WHAT YOU HAVE TO DO: From the material below, return exactly the lines starting at the one that holds "Cung cấp _ bán" and ending at the one that holds "Buakaw Handwraps Yellow Buakaw". Pictures stay out of the answer.

AVAILABLE DATA START

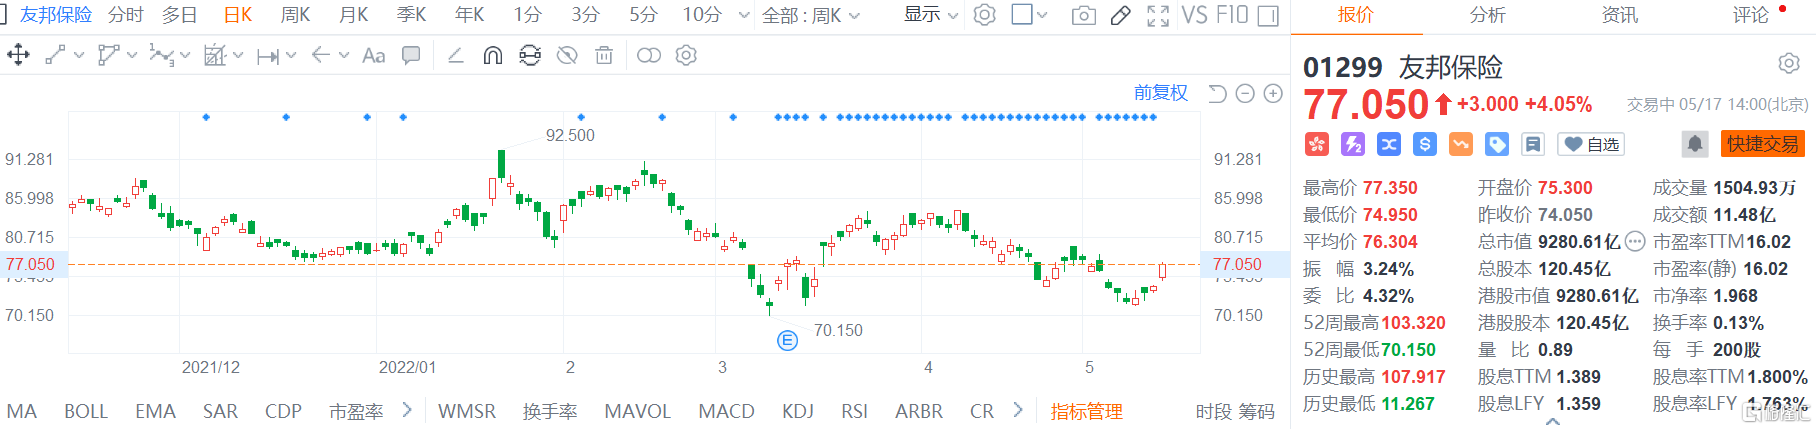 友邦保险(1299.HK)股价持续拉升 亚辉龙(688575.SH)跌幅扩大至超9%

AVAILABLE DATA END
AVAILABLE DATA START

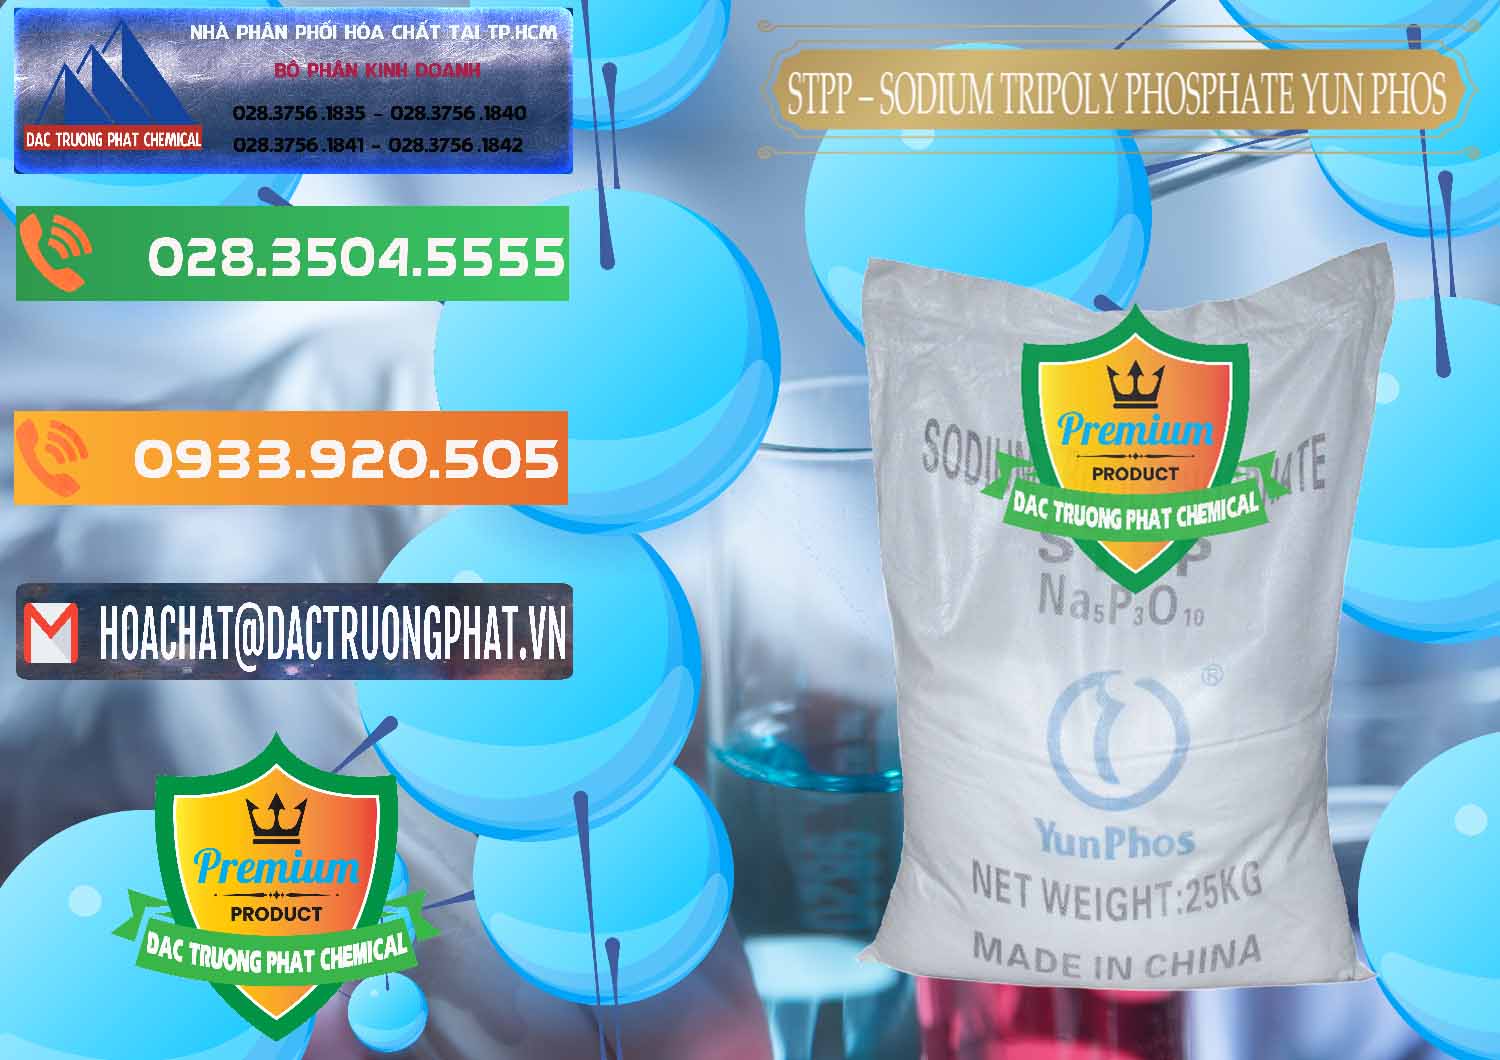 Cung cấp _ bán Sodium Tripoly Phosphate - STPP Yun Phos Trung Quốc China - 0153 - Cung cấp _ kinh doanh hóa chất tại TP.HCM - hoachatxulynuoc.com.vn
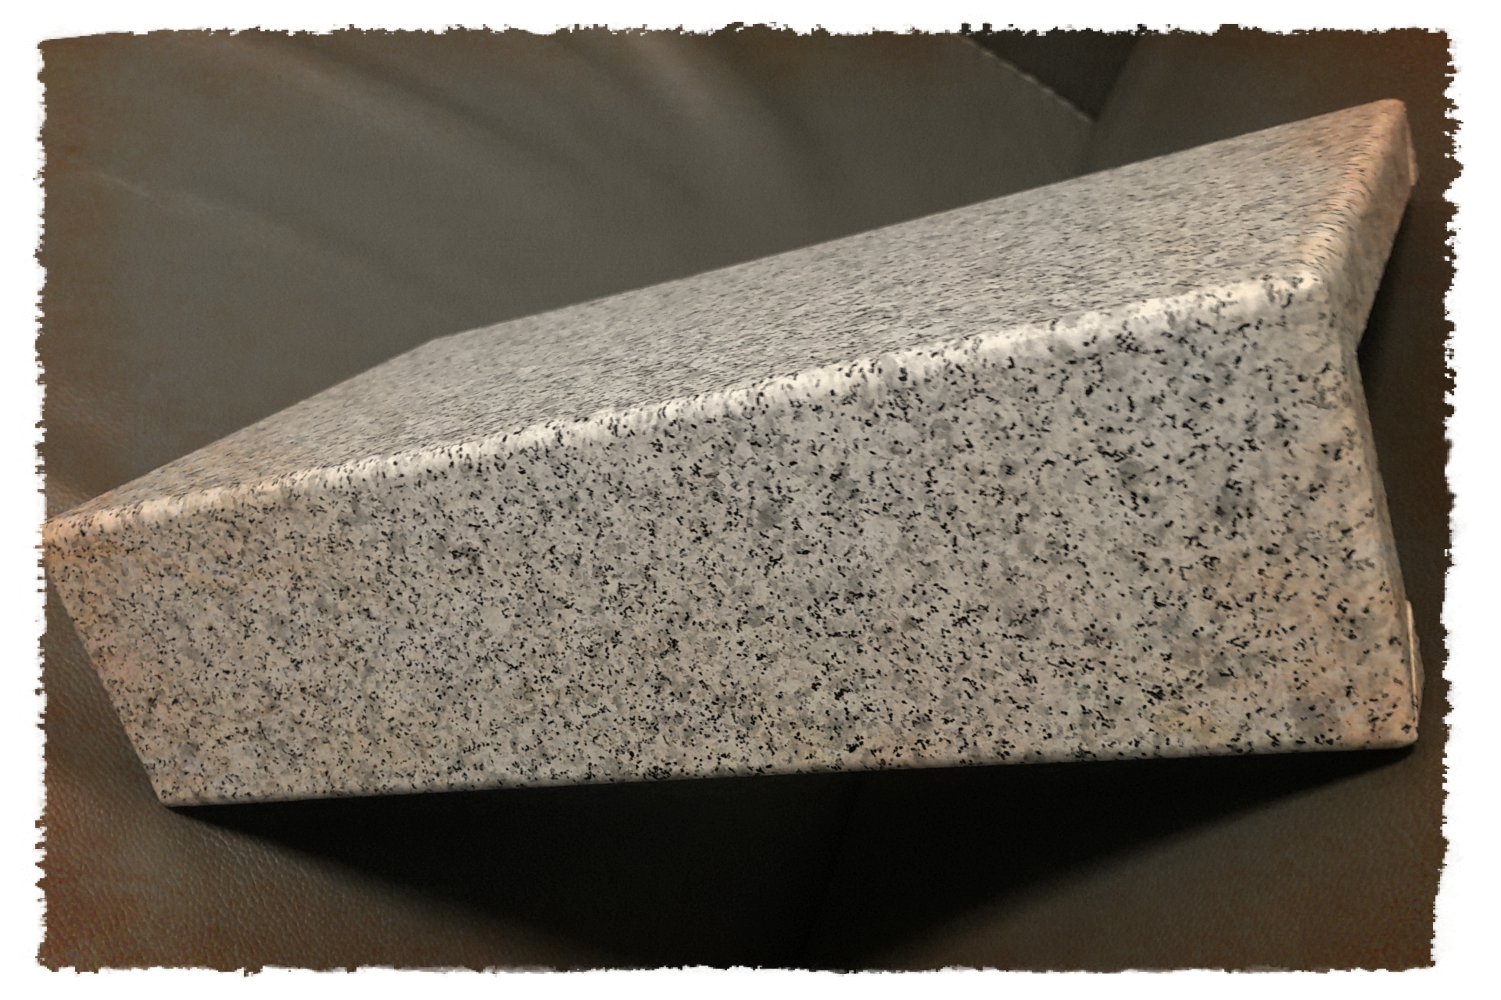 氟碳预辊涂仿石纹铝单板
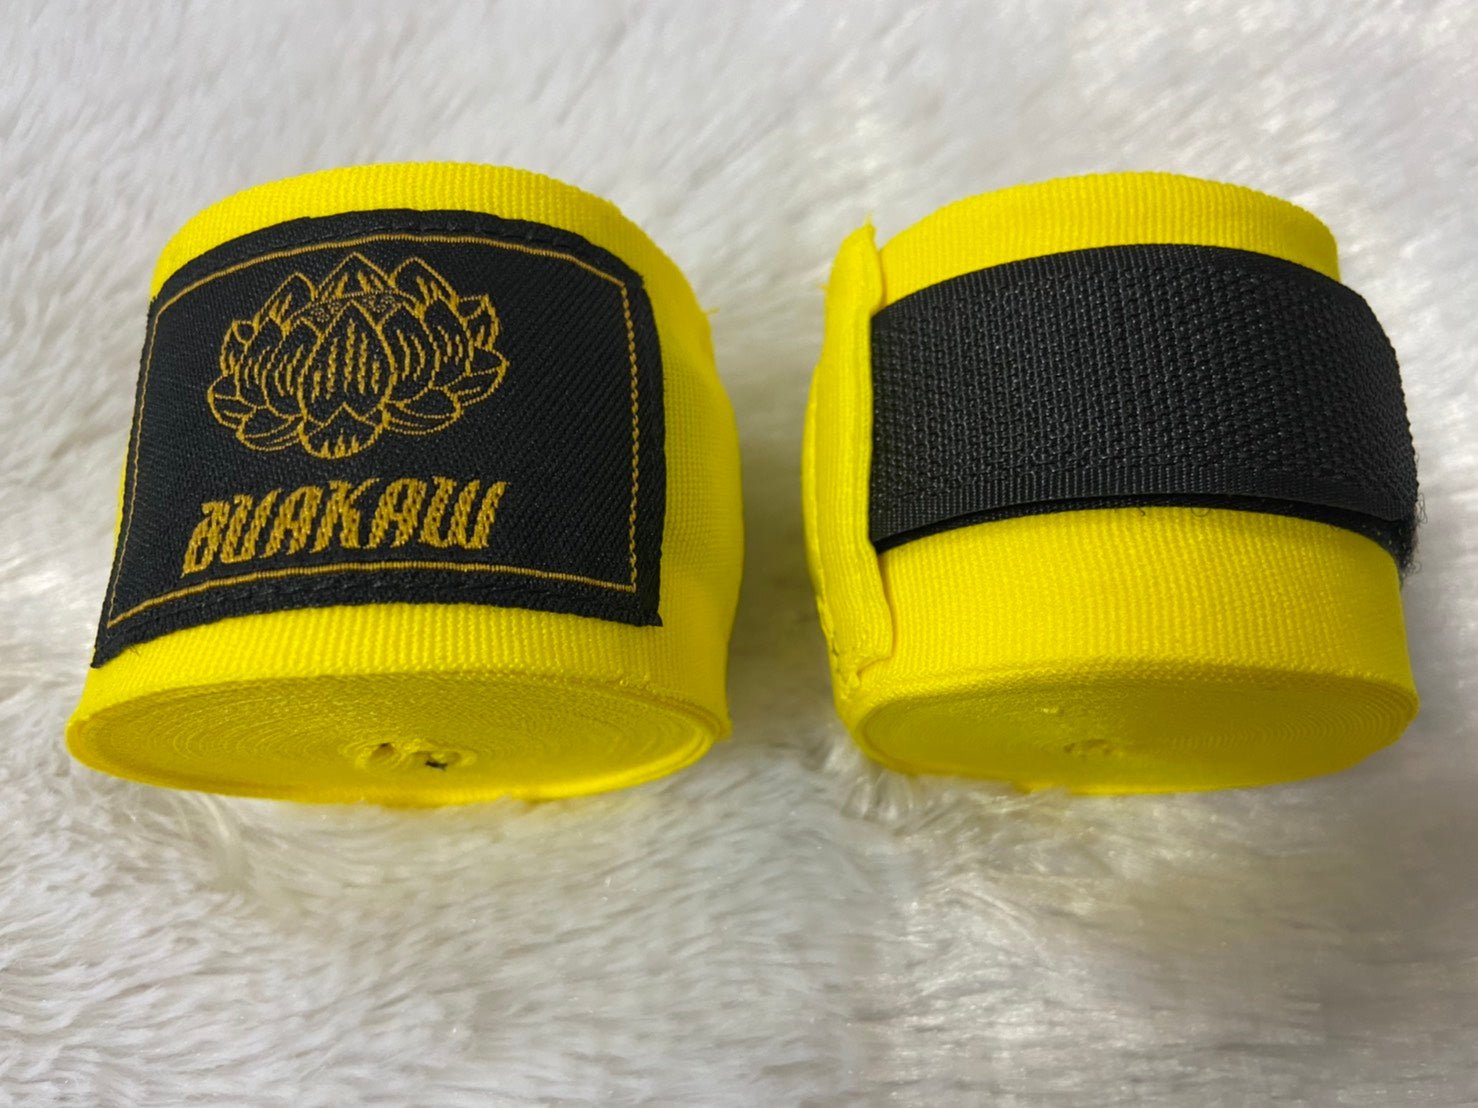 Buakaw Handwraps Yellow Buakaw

AVAILABLE DATA END
AVAILABLE DATA START

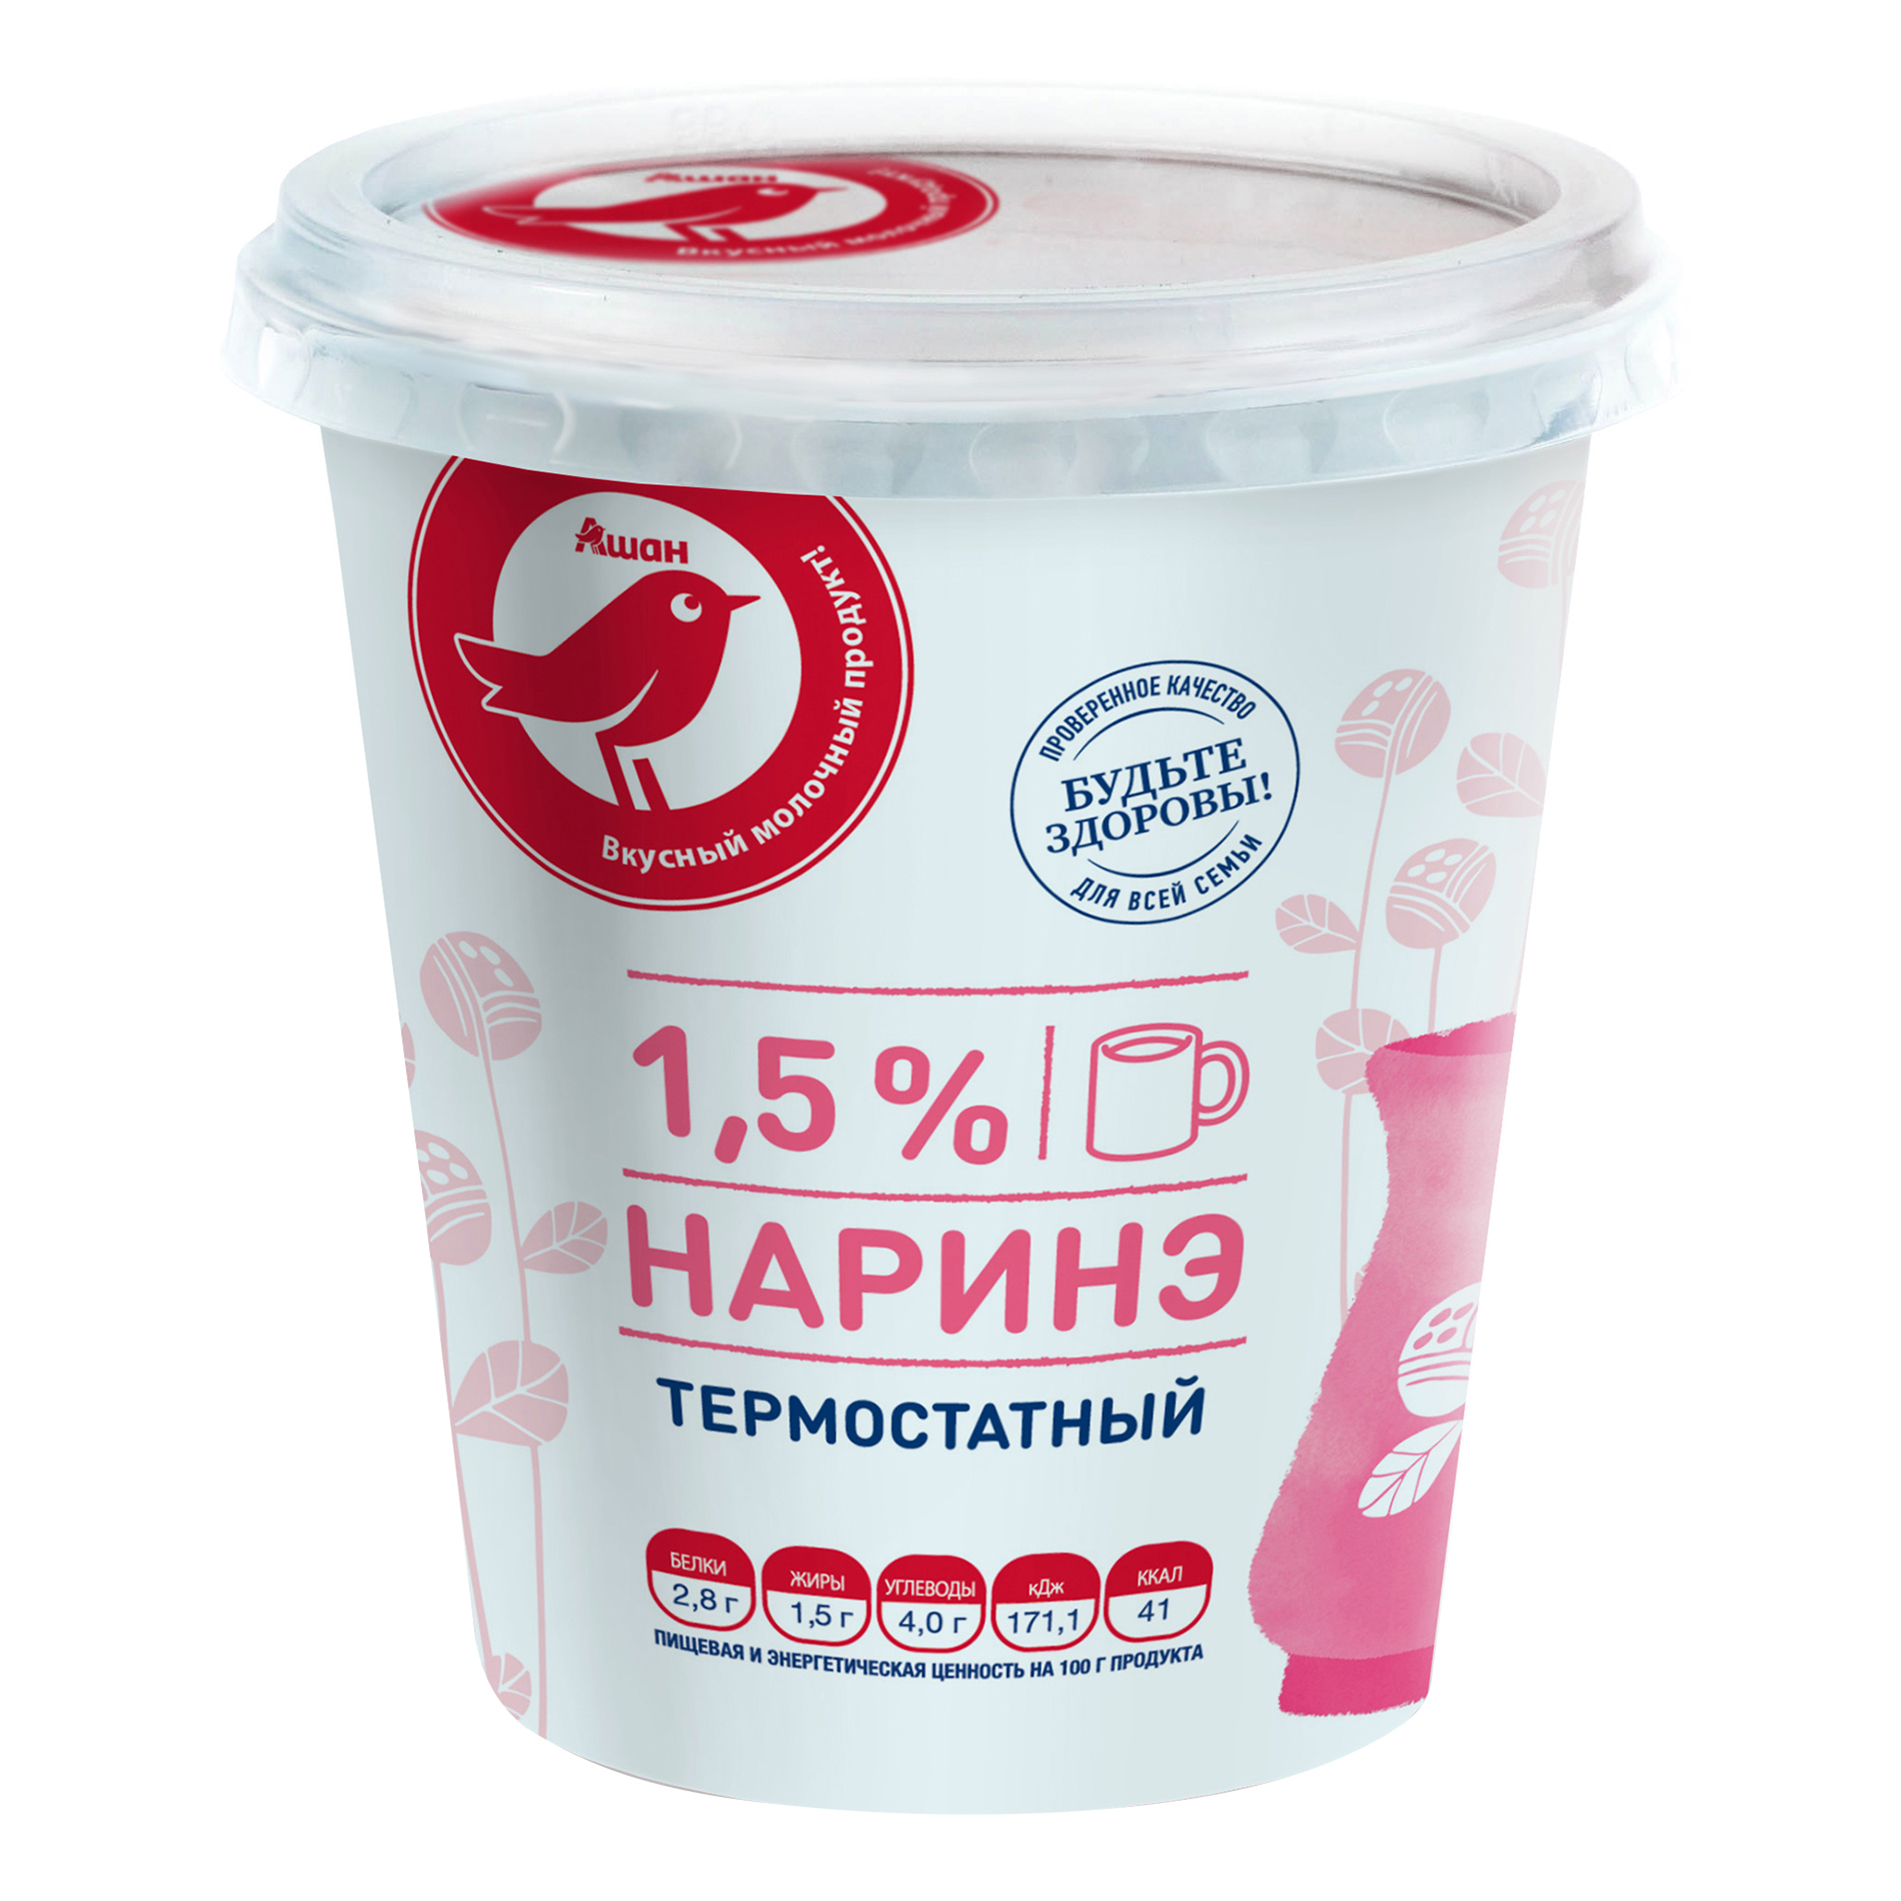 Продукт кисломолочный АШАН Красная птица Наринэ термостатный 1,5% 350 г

AVAILABLE DATA END

EXERCISE SOLUTION:
 Cung cấp _ bán Sodium Tripoly Phosphate - STPP Yun Phos Trung Quốc China - 0153 - Cung cấp _ kinh doanh hóa chất tại TP.HCM - hoachatxulynuoc.com.vn
 氟碳预辊涂仿石纹铝单板
 Buakaw Handwraps Yellow Buakaw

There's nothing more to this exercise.